Blogger Natasha Fondren said...

LOL, well, I still see no reason why I retain copyright when I sell all rights, LOL. There's only two pubs in my genre, and neither will buy what's been sold to the other, so there was never any reason to retain any of them. Until now, when self-publishing is getting more and more viable.

Unless I need up front cash, I doubt I'll sell to either of them again until I find out how much I can make by myself.

6:01 PM  
Anonymous Eric Mayer said...

Your brother sure has a horror story there. You've got to be suspicious of publishers that want the copyright. Sure, it might seem like usually it wouldn't matter, and usually, as it turns out, doesn't, but you can't know exactly what the future holds.

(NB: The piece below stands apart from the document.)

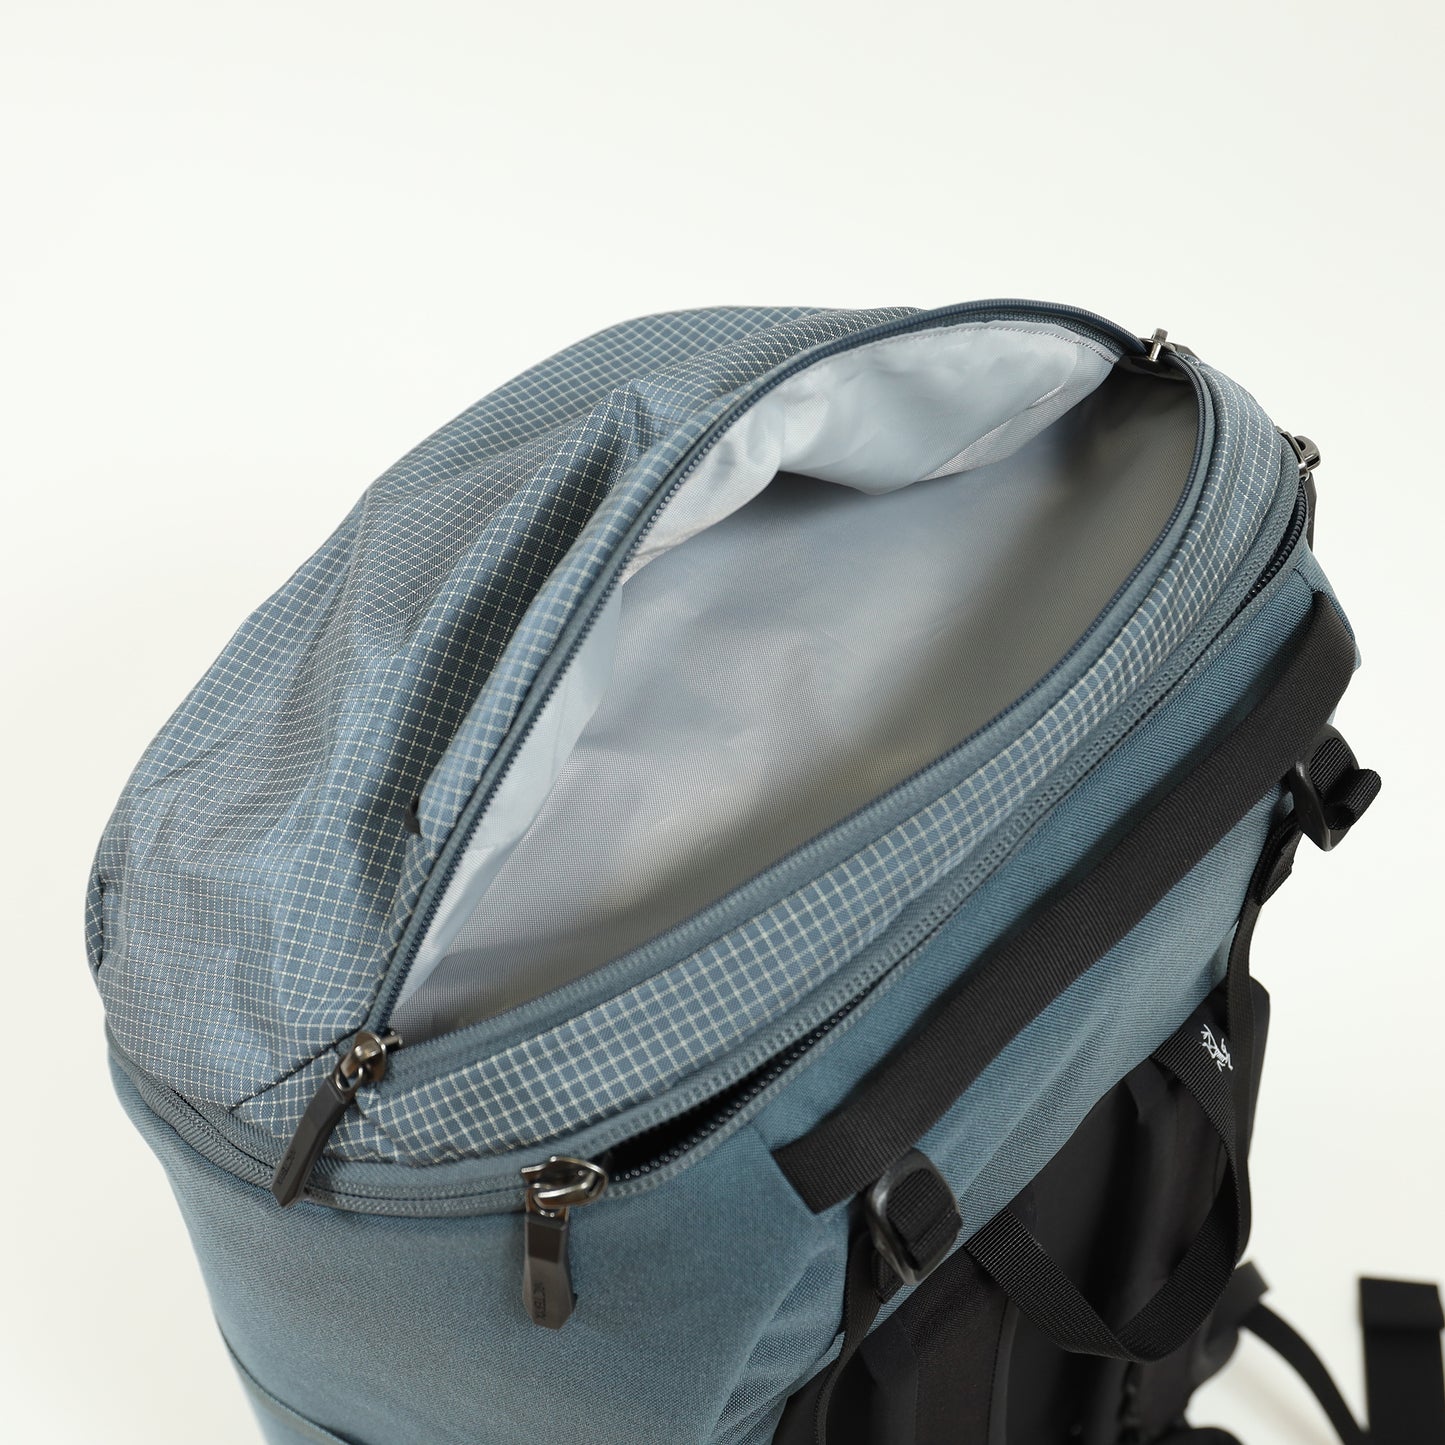 【Arc'teryx】Konseal 55 Backpack

One would think two doctors wouldn't be so desperate to see their names on a book. I'd think they would be angry at the publisher trying to rook them. I hope that whole deal doesn't turn out and you find a better one.

6:54 PM  
Blogger LurkerMonkey said...

Whew, Mark. That's a crappy one because of the time already invested, but it sounds like one of those deals where I'd want to make sure, first and foremost, that I got paid. I would have done exactly the same thing you did ...

7:27 PM  
Blogger Mark Terry said...

How about these scenarios?

1. The e-publisher decided to take a collection of your stories and novellas and publish them in a book form? And you can't say yes or no to it or get a dime?

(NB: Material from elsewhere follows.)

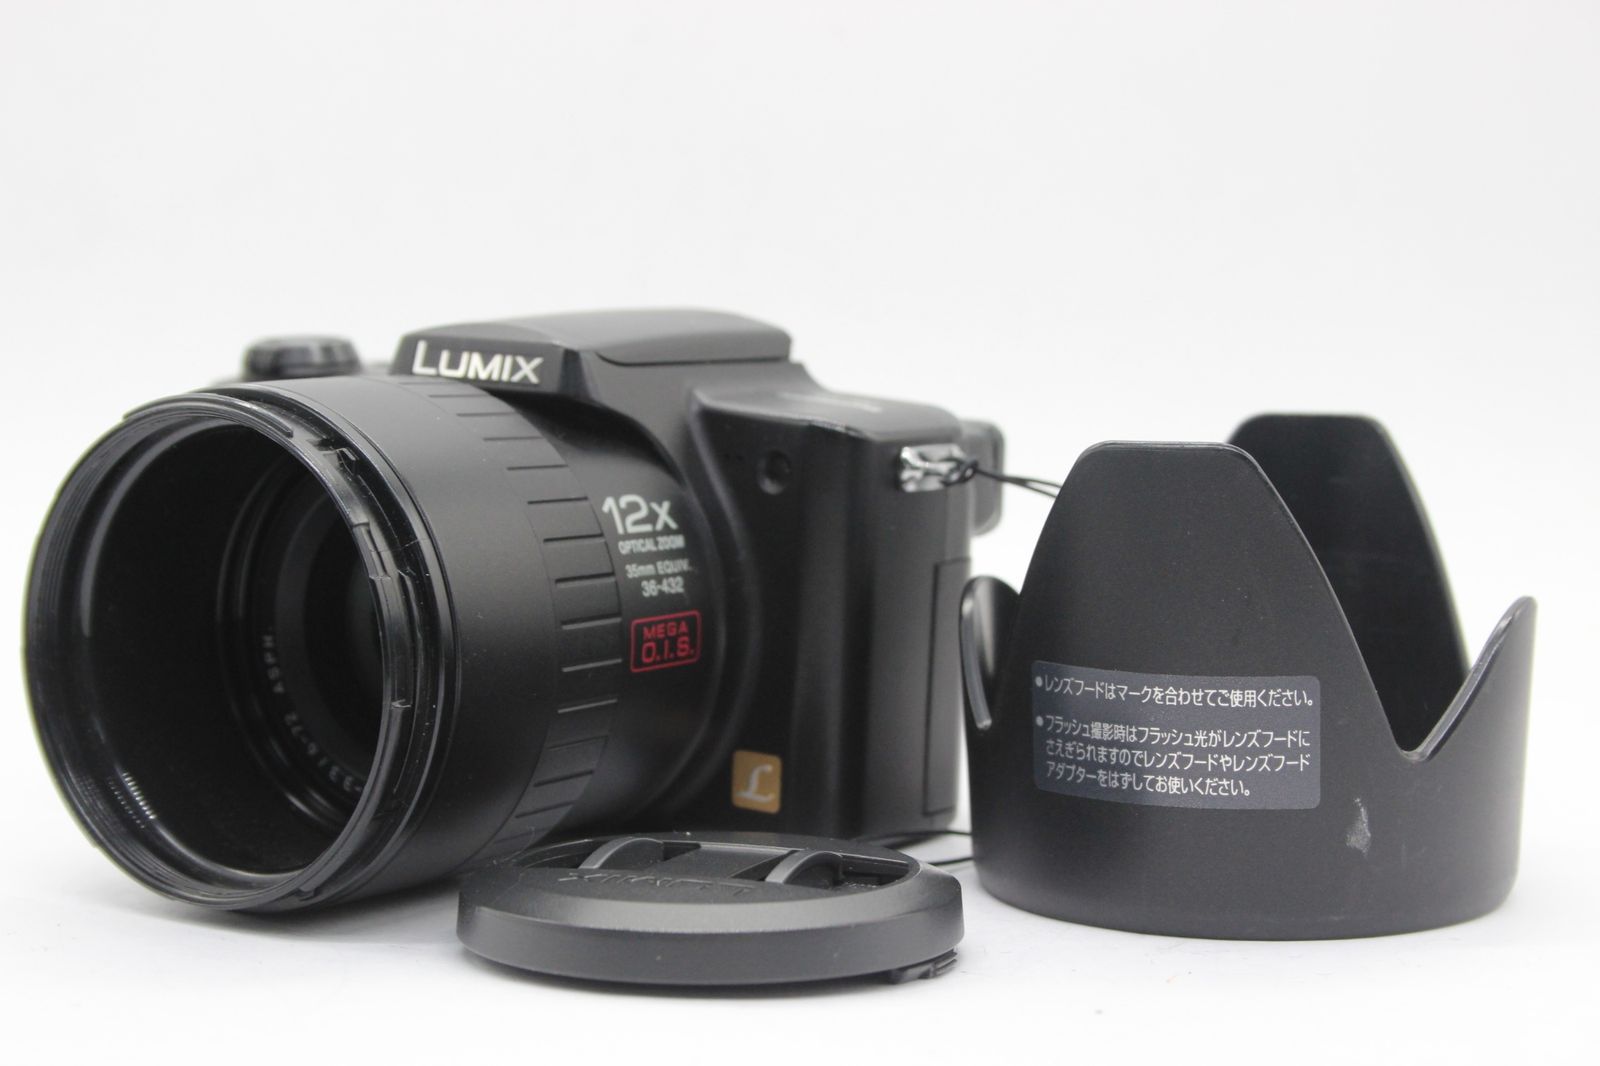 返品保証】 パナソニック Panasonic LUMIX DMC-FZ5 12x コンパクトデジタルカメラ s9132 - メルカリ

2. You decide you want to take a collection of your stories and novellas and publish them as a collection, in print or as a Kindle book? But you can't, because you don't own the copyright.

4:33 AM  
Blogger Mark Terry said...

Eric,
One of the problems is we can't seem to get a clear reason for why the publisher insists on the copyright besides "it's part of the value of the company." And we then say, "But do you plan on repurposing it?" No, they say. "Then how is it part of the value of the company?" Well? No real answer.

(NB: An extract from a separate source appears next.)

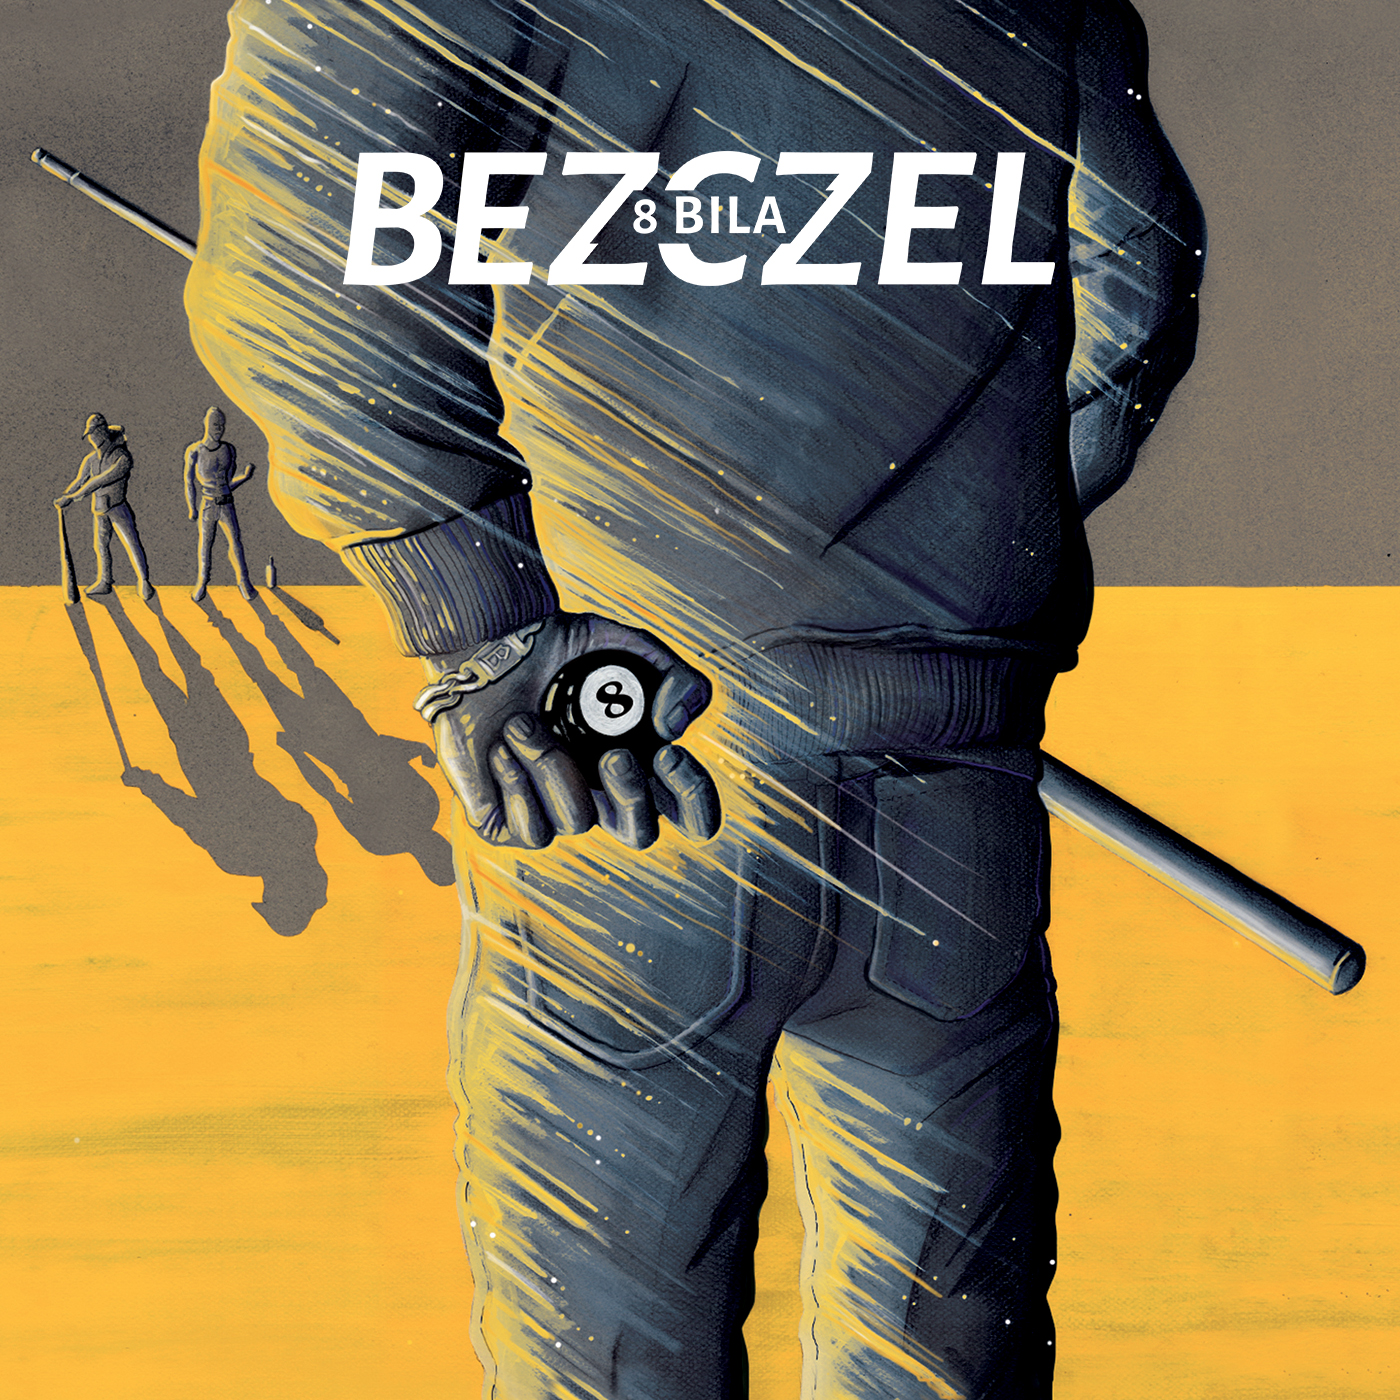 8 Bila || Premiera nowego albumu Bezczela!

As for the doctors, nobody likes to fail, and my suspicion from knowing many doctors over the years is they're not terribly accustomed on the professional space to not getting what they want. That's not a slam on either of these guys. They're good guys and I like them personally and respect them professionally. They have very positive attitudes. But I don't get a sense that when they set out to accomplish something they want that they have very often hit dead ends. I'm not sure we're at a dead end, but we might be with this particular publisher.

6:34 AM  
Blogger Mark Terry said...

Jon,
Well, I got paid well to write the proposal, so it's okay. But the deal was starting to look more and more like a financial loser for me. They want the book for professional reasons & say they would donate their royalties to some fund or charity they named, but I don't have that luxury. I appreciate that, for them, having the book gives them credibility. Once I saw how little money might come my way, I justified my involvement that having a nonfiction book in my portfolio would be useful for more collaborations and ghostwriting. But the contract was just starting to look worse and worse and I'm busy enough as it is at the moment, so I'm not brokenhearted.

6:37 AM  
Blogger Natasha Fondren said...

LOL, Mark, they did expand to print and e-book in the past six years. And for some wonderful and bizarre reason, which of course I won't complain about, they re-negotiated terms so that I would get 50% of the royalties.

They didn't have to, but they thought that was fair, LOL. I suppose that's the advantage of small presses owned by former writers.

7:16 AM  
Blogger Mark Terry said...

Natasha,
You got lucky. And it may not have anything to do with small presses owned by writers, but you working with someone who has a sense of fairness. Glad it worked out for you.